The 20 delegates at the café shared their existing business and IT alignment challenges. These were:

  • An explosion of new business innovation and applications and a failure to manage end of lifecycle and consolidation of the application landscape.
  • Increasing complexity of the infrastructure and the service sourcing model. The need to create more transparency and simplicity.
  • The need to balance innovation and growth with operational stability and manageability.
  • Contracts and agreements.
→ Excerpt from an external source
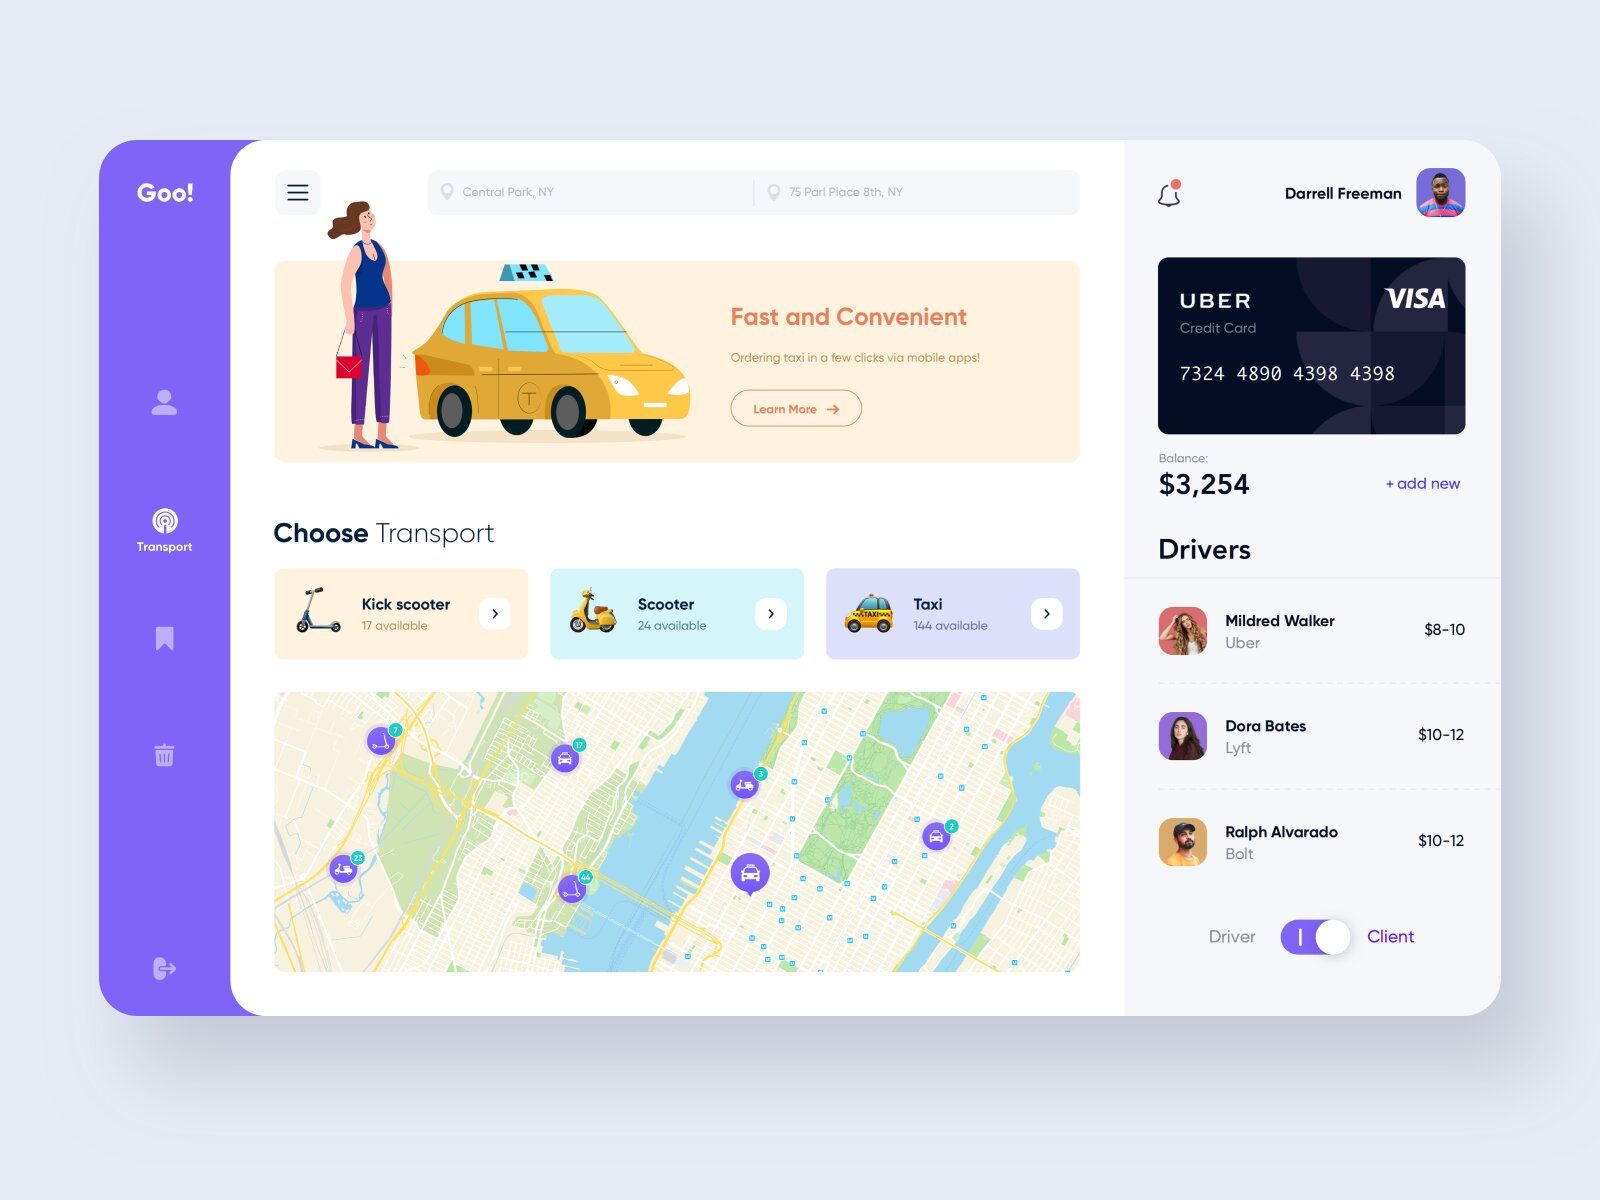 To create an online marketplace you should look at marketplaces like Aliespress, Upwork, Etsy, and see what they offer (*image by [Afterglow](https://dribbble.com/Afterglow-studio){ rel="nofollow" target="_blank" .default-md}*)

Contracts can become barriers to flexibility, agility and growth.
  • Making agreements when there are conflicting priorities and agendas.
  • Aligning end-to-end processes throughout the delivery chain and between business &IT.
  • The unclear scope and responsibilities of SLM and BRM.
  • Managing expectations on timescales and resource allocation.
  • Too much distance and too little understanding of each other’s issues, the need for improved collaboration and communication between Business and IT.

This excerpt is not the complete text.